Table 4. Association results between 14 traits and their corresponding top SNPs, where top SNPs were selected based on multi-study meta-analyses, and z-statistics for Average and SHAVE are based on three visits and results of SardiNIA GWAS.
TRAIT | SNP | z1 | z2 | zAVG | zSHAVE | Visit 1 | Visit 2 | Average | SHAVE |
---|---|---|---|---|---|---|---|---|---|
Bilirubin | rs887829 | 27.33 | 27.37 | 31.44 | 31.59 | 4 | 3 | 2 | 1 |
Cholesterol | rs646776* | −4.76 | −4.20 | −4.68 | −4.76 | 1 | 4 | 3 | 2 |
γ-GT | rs7310409 | −6.29 | −6.52 | −6.53 | −6.69 | 4 | 3 | 2 | 1 |
Glycemia | rs10830963 | 6.32 | 6.34 | 7.38 | 7.50 | 4 | 3 | 2 | 1 |
HDL | rs247617 | 8.45 | 8.93 | 10.10 | 10.19 | 4 | 3 | 2 | 1 |
Height | rs724016 | 5.02 | 4.25 | 5.26 | 5.24 | 3 | 4 | 1 | 2 |
LDL | rs646776* | −5.39 | −5.14 | −5.69 | −5.76 | 3 | 4 | 2 | 1 |
PR-interval | rs6800541 | 6.56 | 5.92 | 7.10 | 7.11 | 3 | 4 | 2 | 1 |
QT-interval | rs7550692* | 5.89 | 4.36 | 6.66 | 6.55 | 3 | 4 | 1 | 2 |
RBC | rs4910742 | 23.39 | 22.19 | 24.16 | 24.26 | 3 | 4 | 2 | 1 |
Serum iron | rs4820268 | 8.77 | 7.52 | 10.43 | 10.66 | 3 | 4 | 2 | 1 |
Transferrin | rs4854761* | 9.58 | 13.04 | 14.96 | 15.40 | 4 | 3 | 2 | 1 |
Triglycerides | rs1260326 | 5.12 | 4.75 | 5.92 | 5.95 | 3 | 4 | 2 | 1 |
Uric acid | rs9998811* | −11.58 | −12.44 | −13.61 | −13.87 | 4 | 3 | 2 | 1 |
Average rank | 3.29 | 3.57 | 1.93 | 1.21 |
The z-statistics are shown in order for visit 1 (z1), visit 2 (z2), Average (zAVG) and SHAVE (zSHAVE). In the next four columns their corresponding ranks within each trait are shown, where 1 is assigned to the most significant and 4 to the least. On the last row, we have the averages of the ranks for each metric. *The original SNPs (which were replaced by proxy SNPs from the Metabochip) are: cholesterol (total) rs629301 (R2=1.00), LDL rs629301 (R2=1.00), QT-interval rs2880058(R2=0.92), transferrin rs3811647(R2=0.96) and uric acid rs734553(R2=0.80).
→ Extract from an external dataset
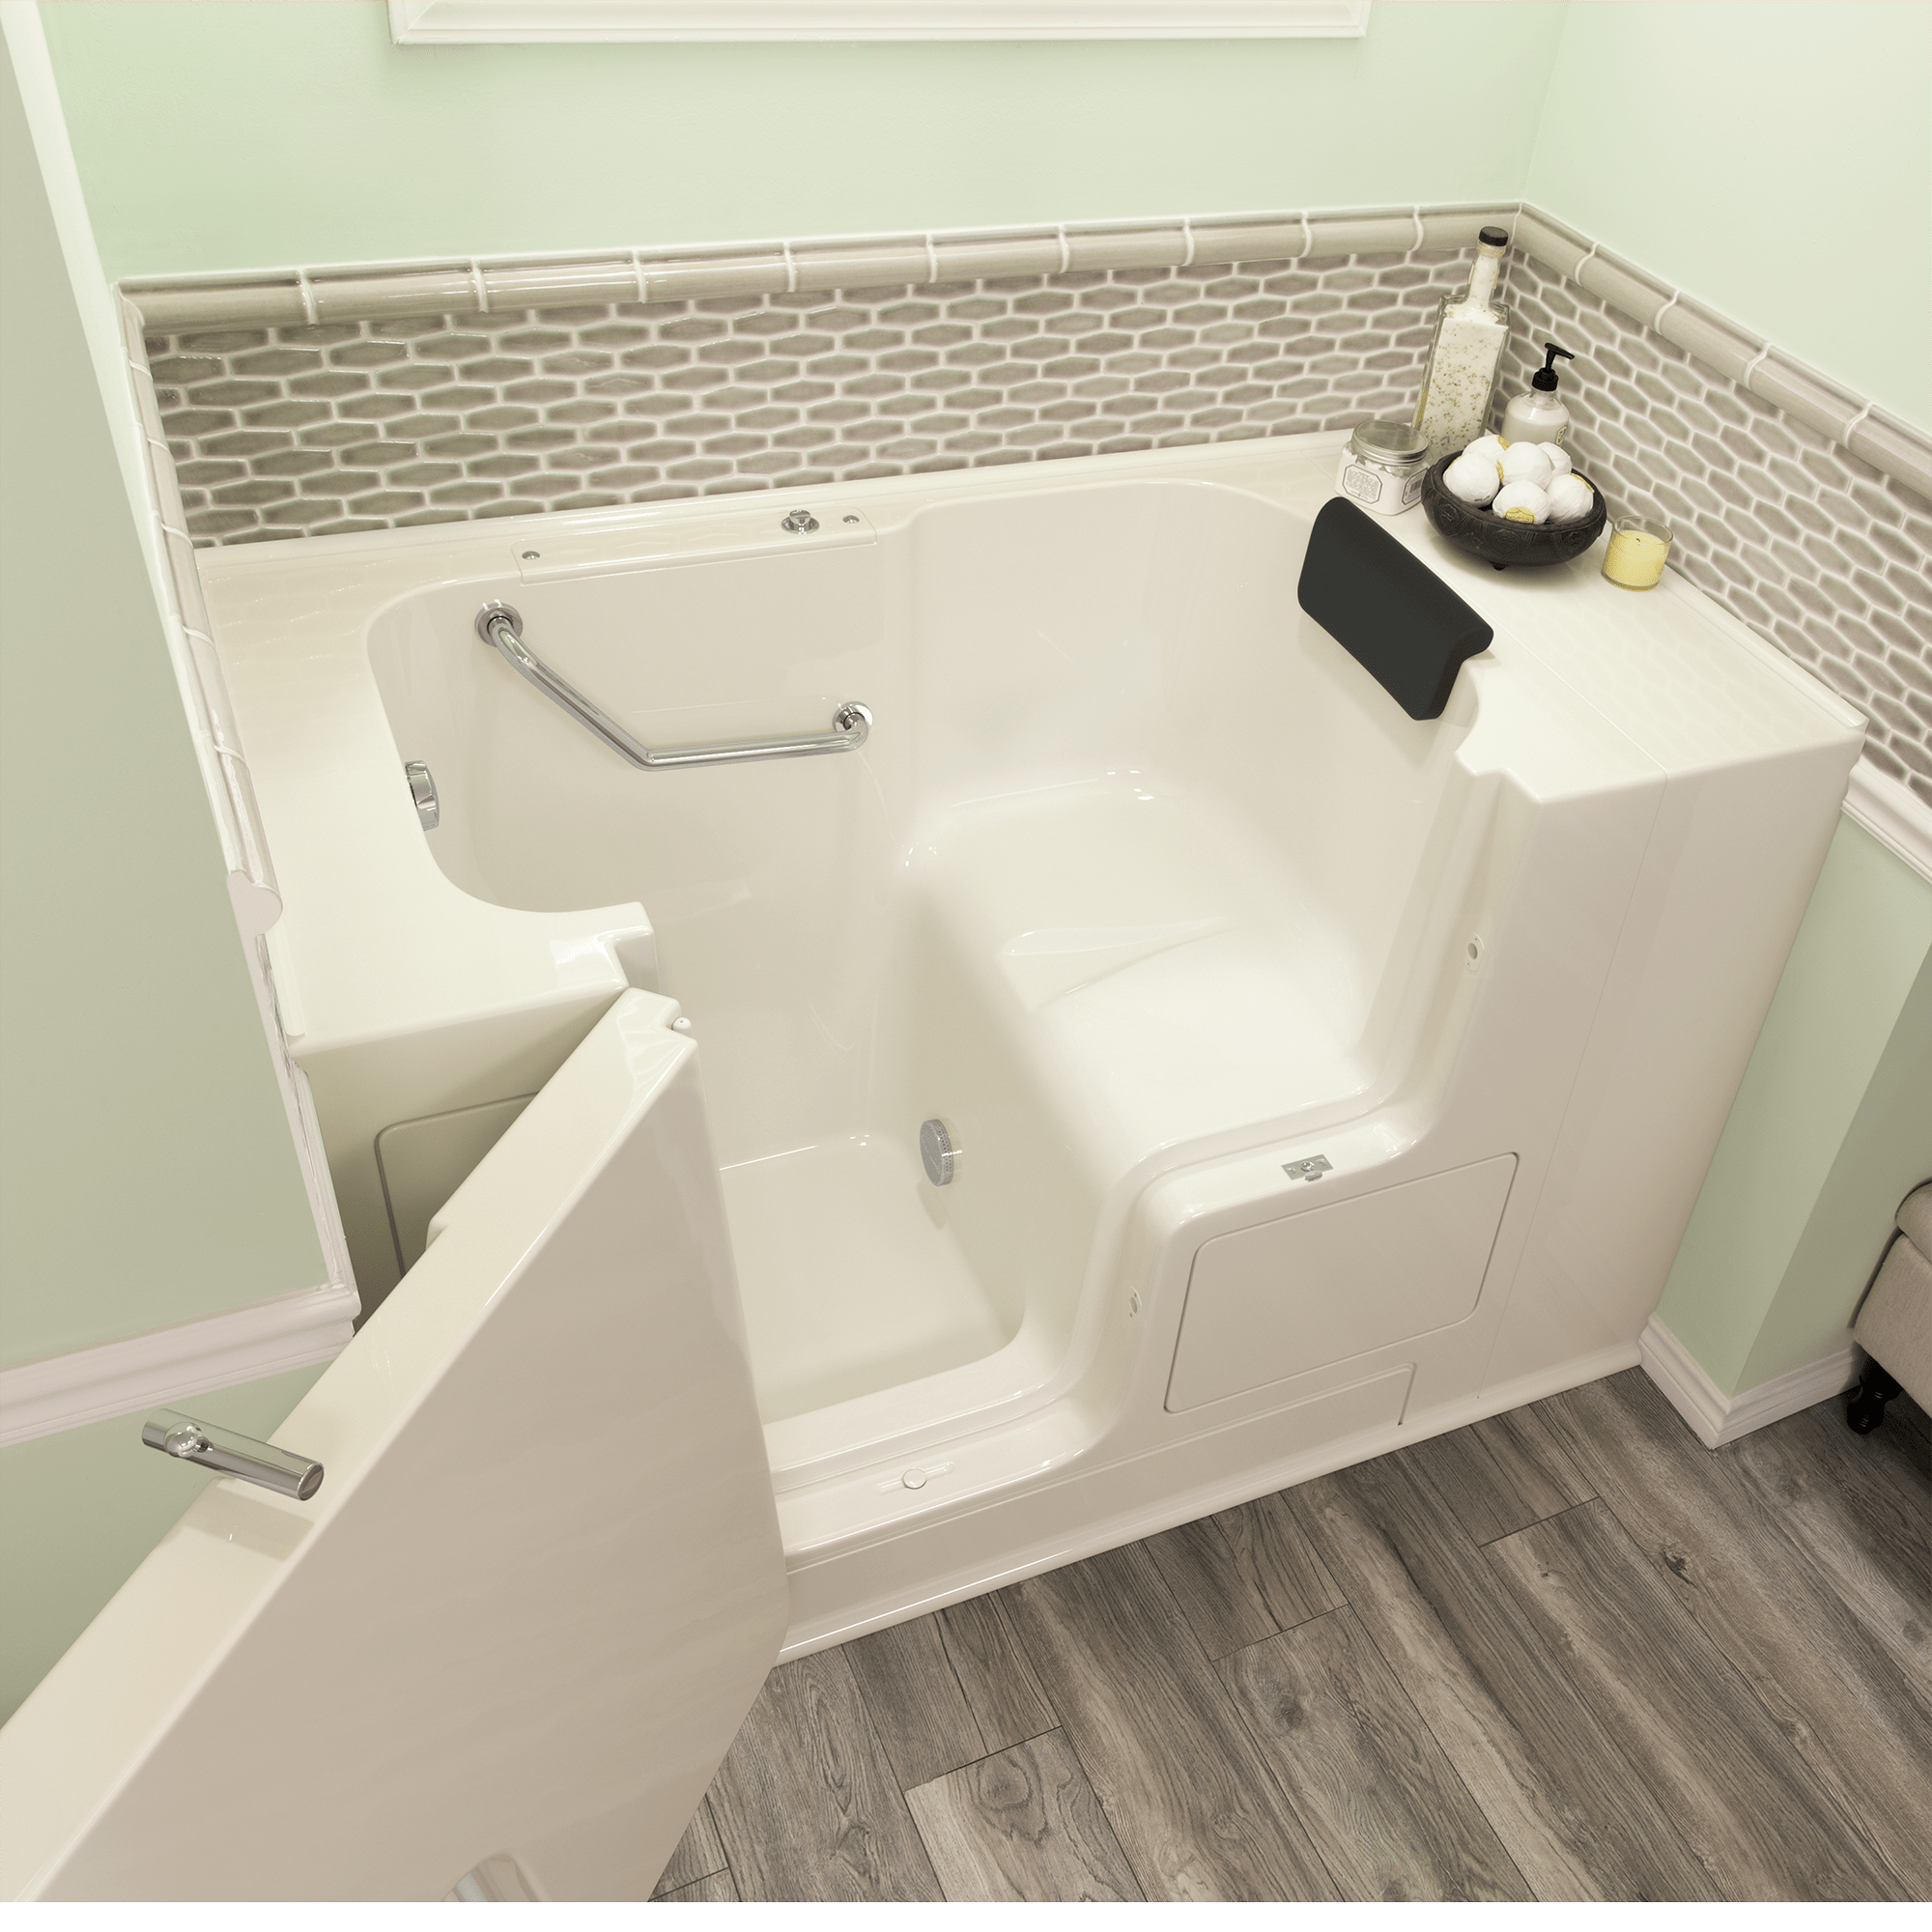 Gelcoat Premium Series 32 x 52 -Inch Walk-in Tub With Soaker System - Left-Hand Drain

SardiNIA dataset – performance by LOD ratios using top Meta-analysis SNPs
We performed two types of LOD ratios for every trait, the first between Average and single visit, the second between SHAVE and Average. To compare signals between Average and single visits, we selected a subset of individuals who had both visits 1 and 2 and compared their signals. We first obtained the z-statistics of the Average (zAVG) and the z-statistics corresponding to visits 1 and 2 (z1 and z2). Next, we obtained the LOD ratio between Average (represented by the square of zAVG) and a single visit (represented by the square of (z1+z2)/2). Observed LOD ratios were all above one, indicating an increase in power using the Average vs a single visit (Figure 2). We note that traits with lowest correlation between visits had the highest LOD ratios, and in the three traits with lowest correlation, transferrin, serum iron and QT-interval, LOD ratios were above 1.5. Similarly, traits with high correlation between visits, such as RBC and height, had LOD score ratios close to one. In general, expected and observed LOD ratios were quite similar, suggesting that our observations match the expectations of the model.
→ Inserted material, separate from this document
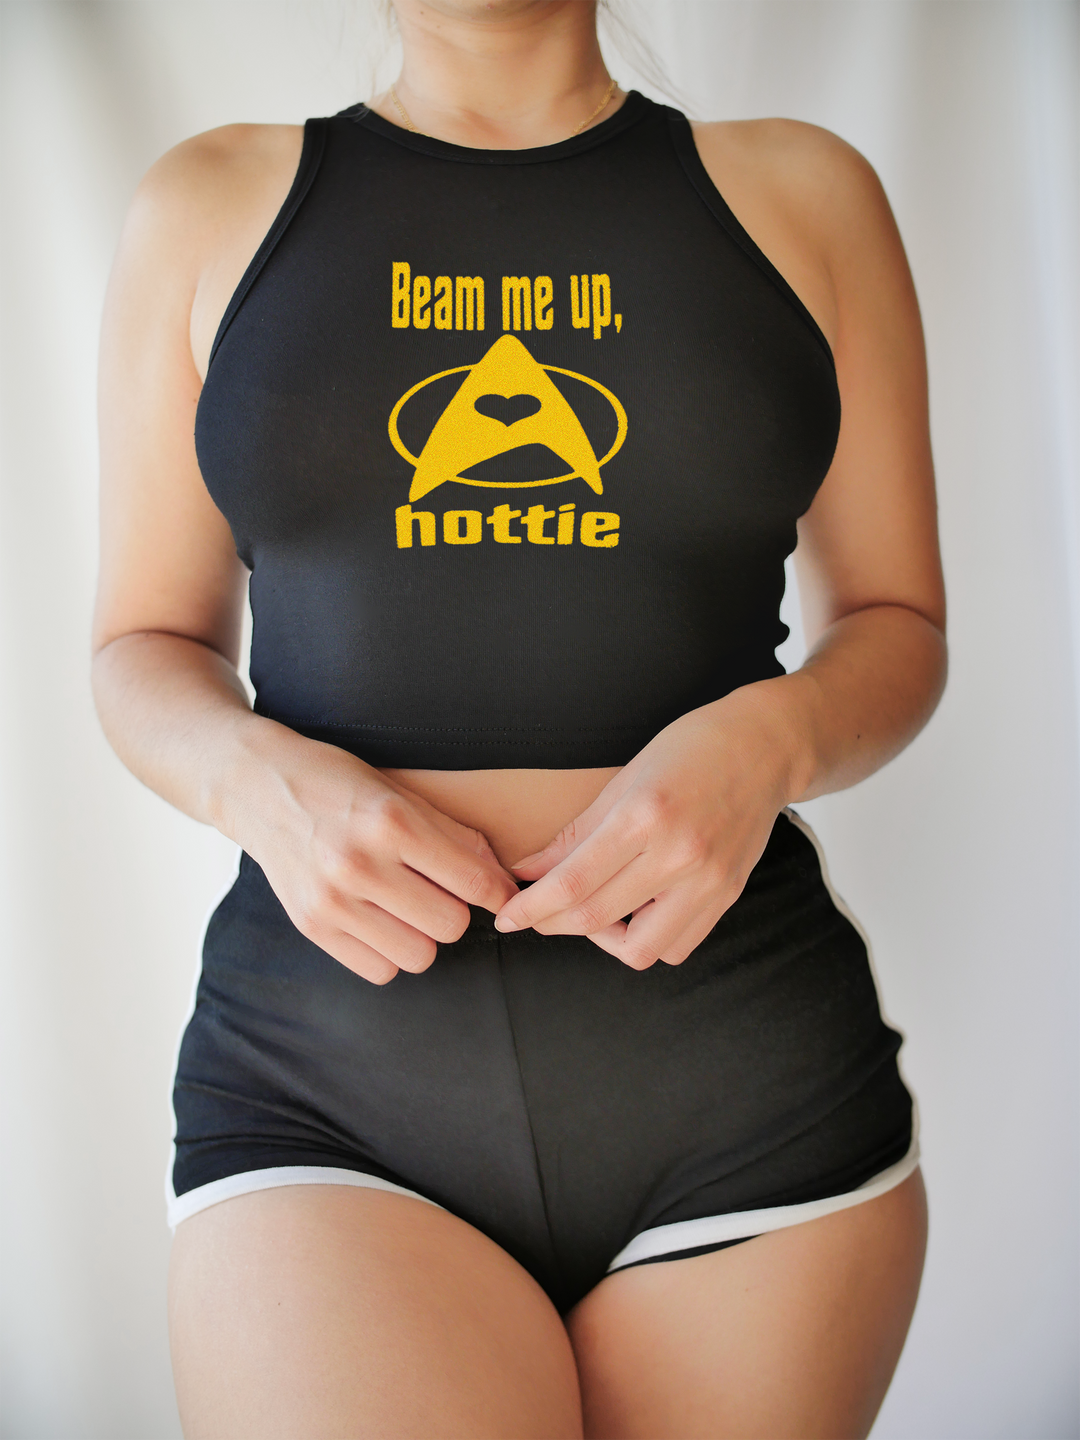 Beam Me Up, Hottie Cropped Tank Top

To compare LOD ratios between SHAVE and Average, we generated a subset of the SardiNIA dataset in which all individuals had visit 1, and then, for the same individuals, we randomly selected 50% of them and included their second visits (setting the remaining visit 2 cases as ‘missing values'). The main reason to look at this subset was that differences between SHAVE and Average are only appreciable in unbalanced datasets. Although the observed LOD ratios between SHAVE vs Average were modest when compared with Average vs single visit, the ratios were all greater than one, indicating a consistent increase in power of SHAVE relative to Average (Figure 3). Also, with the exception of transferrin, observed and expected LOD ratios were similar.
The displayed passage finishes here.